Шмуэль добрался до второго перекрестка, на котором Бог явился ему в образе собаки, а я удобно откинулся на спинку стула и наблюдал за тем, что происходит в комнате. Джо играл в шашки с Малкой. И, как всегда, выиграл. Время от времени он, как всегда, озирался, чтобы убедиться, что никто не намерен его похитить. Амация стоял на нижней ступеньке лестницы, начал подниматься, но тут же спустился. Снова поднялся. Снова спустился. Мордехай показывал Наве свой футбольный альбом. Она, разумеется, тысячу раз видела эти фотографии, но все же улыбалась, а иногда просила пояснить одну из них.
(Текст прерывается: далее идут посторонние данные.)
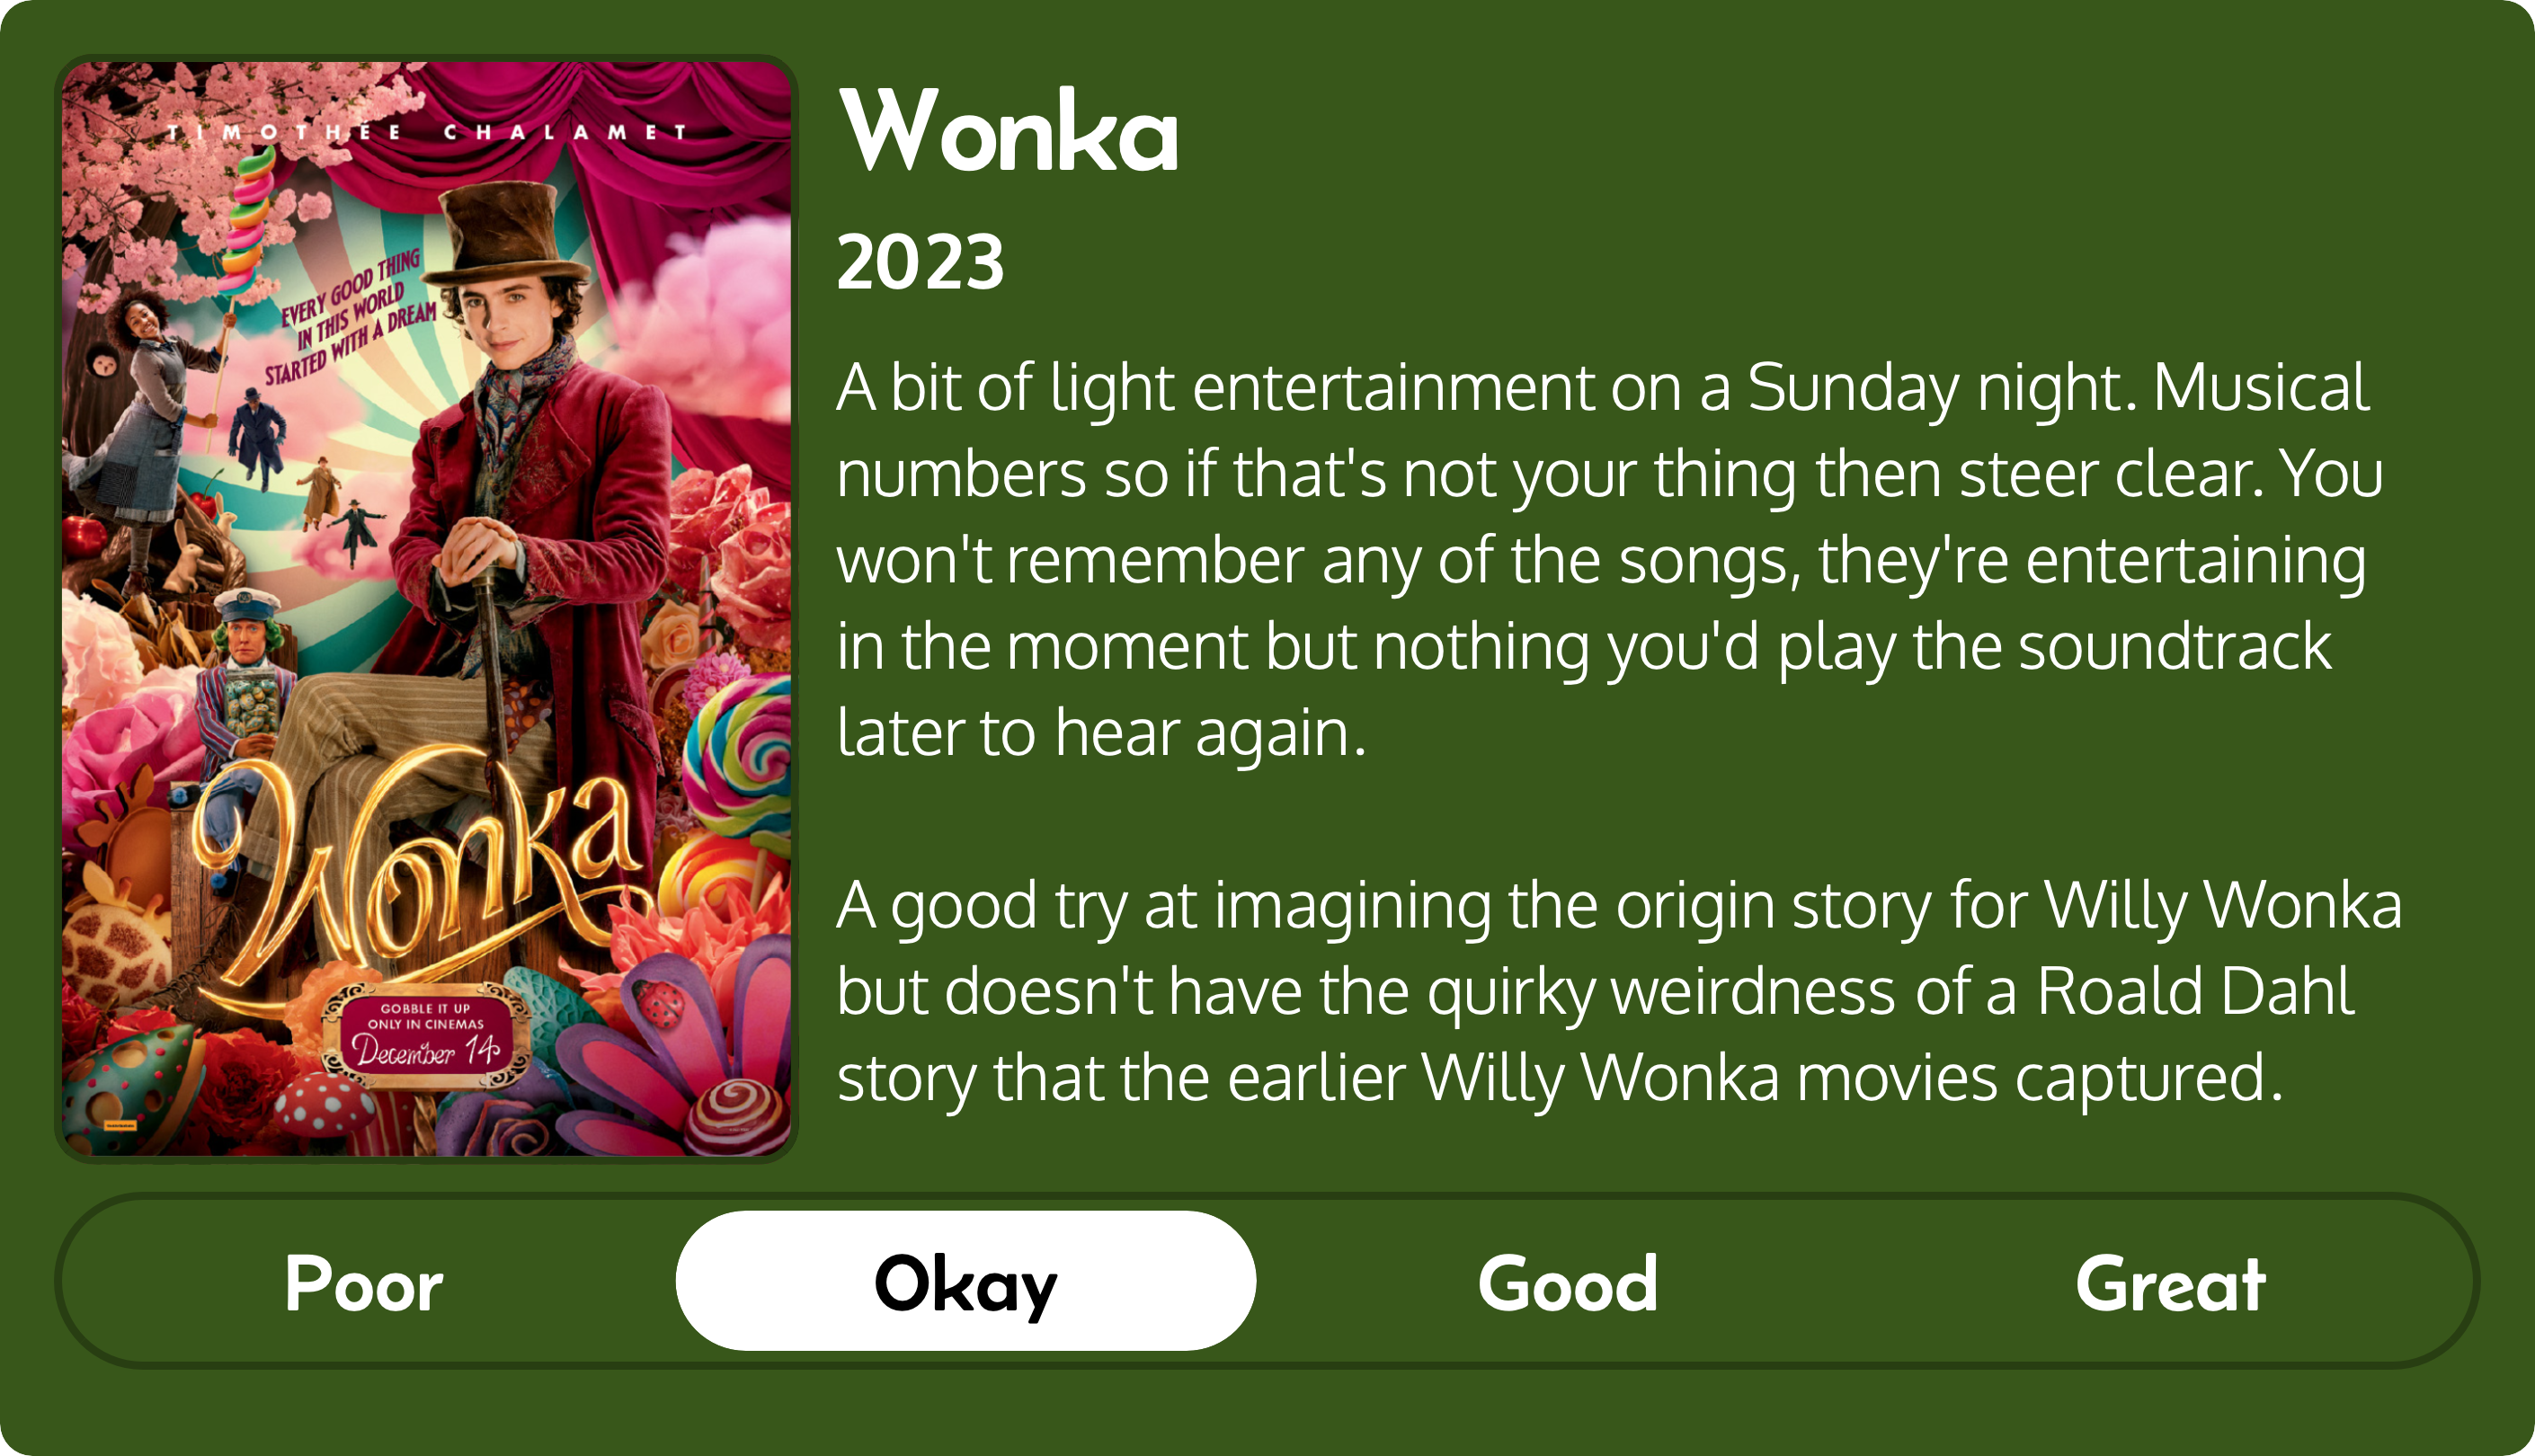 A rectangular image with a review of the movie - Wonka. The left third contains the movie poster and the review is in other two-thirds. Across the bottom is a rating of Poor Okay Good Great with Okay selected. The review reads: A bit of light entertainment on a Sunday night. Musical numbers so if that's not your thing then steer clear. You won't remember any of the songs, they're entertaining in the moment but nothing you'd play the soundtrack later to hear again. A good try at imagining the origin story for Willy Wonka but doesn't have the quirky weirdness of a Roald Dahl story that the earlier Willy Wonka movies captured.

Он отвечал, и его голос смешивался с ее голосом, и с голосом Шмуэля, и все голоса смешивались с дымом сигарет и с паром, поднимавшимся от чайника, и с картинами, стекающими со стен, и постепенно я почувствовал, что линия, отделявшая меня от них и вроде бы истончившаяся до прозрачности, снова обозначилась внутри меня, длинная и жирная; и страх, охвативший меня в прошлый раз и с тех пор не отпускавший, страх возврата к жутким временам начала службы в армии, уменьшился и практически исчез.

Шмуэль тем временем дошел до третьего перекрестка и повел рассказ о том, как он стоял в одном музее в Герцлии перед портретом девушки и почувствовал, что из точки в центре лба девушки на него взирает Бог, а я почувствовал, как по всему телу растекается приятная усталость, закрыл глаза и подумал: «Даже в несчастье есть какая-то своя гармония».
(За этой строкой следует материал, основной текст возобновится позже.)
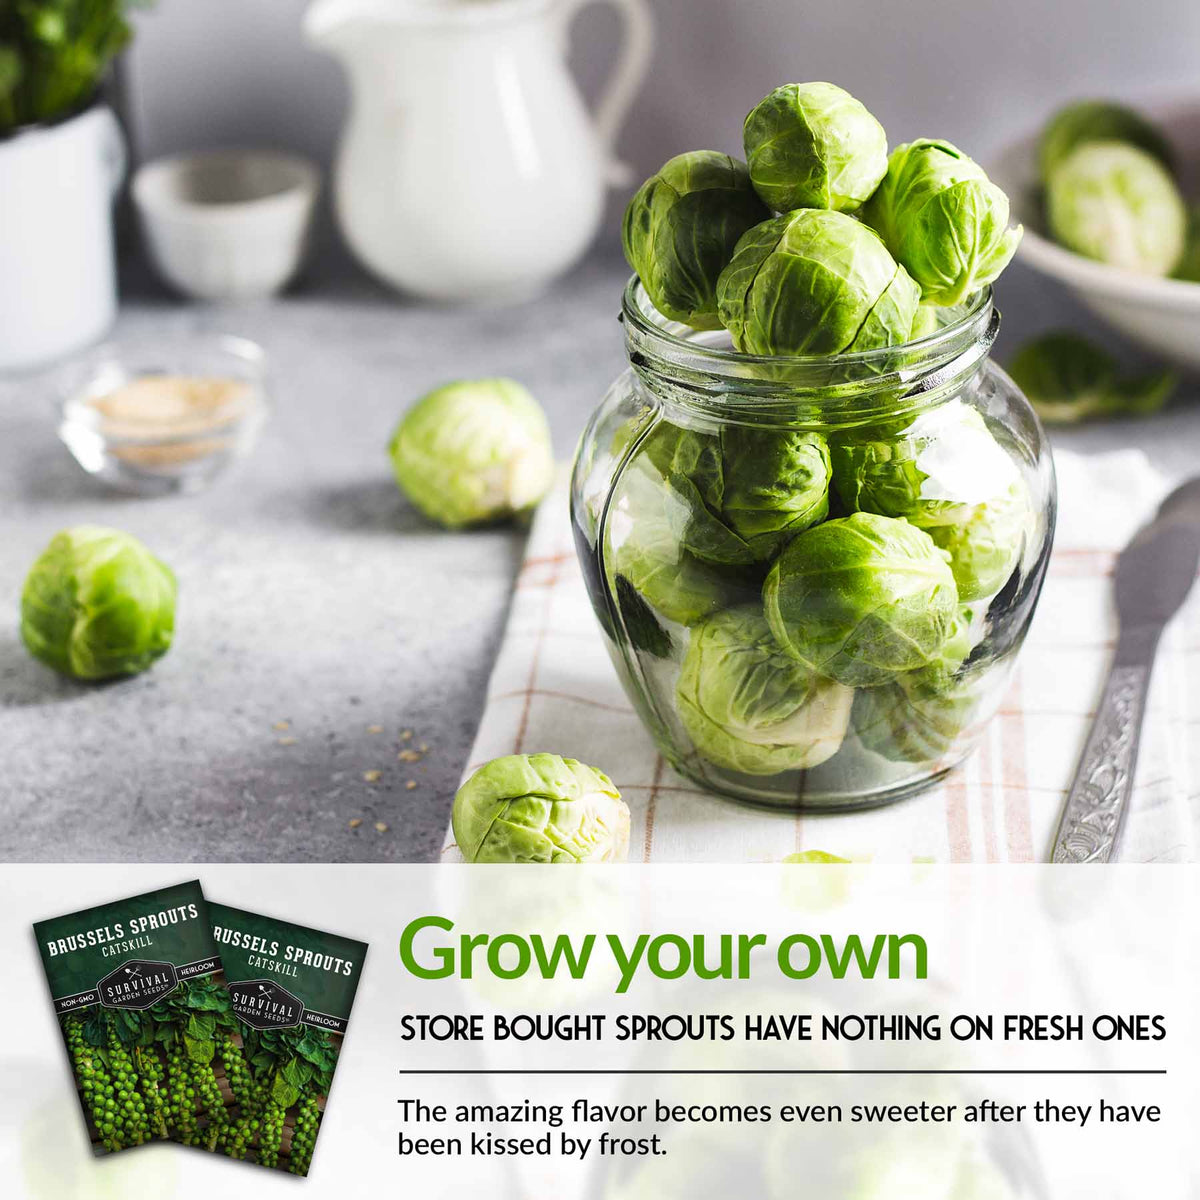 Grow your own brussels sprouts

А потом я подумал: «Где сейчас Ноа? И что мне делать с мыслями, которыми я привык с ней делиться?»



Я много раз представляла себе это мгновение. Как надеялась, что оно наступит, как молилась, чтобы оно наступило, как старалась его приблизить, – и вот наконец на стене квартиры тети Рути висят все сделанные мной снимки: в центре – моя мама, у нее в руках письмо от любимого человека (я решила, что это интереснее, чем шарф); справа – парень с балкона, на его футболке – даты последнего турне «Нирваны», так и не состоявшегося. Слева – Сюзанна, новая репатриантка, которую я нашла через Ассоциацию аргентинских репатриантов, на белом пластиковом стуле на набережной. Под ними, в следующем ряду – инспектор Коби Гольдман, археолог Орна Гад и араб Акрам Марния, которого я сфотографировала перед домом в Яффе с большим ржавым ключом в руке. В третьем, нижнем ряду – три человека с пустыми руками. Первый – молодой поэт Лиор Штернберг, я видела по телевизору, как он читает стихи, и подумала, что его лицо выражает тоску. Вторая – певица Эти Анкри, она стоит спиной к зрителю, и узнать ее почти невозможно. Третья – это я, и рядом со мной висит картина «Девочка», написанная тетей Рути.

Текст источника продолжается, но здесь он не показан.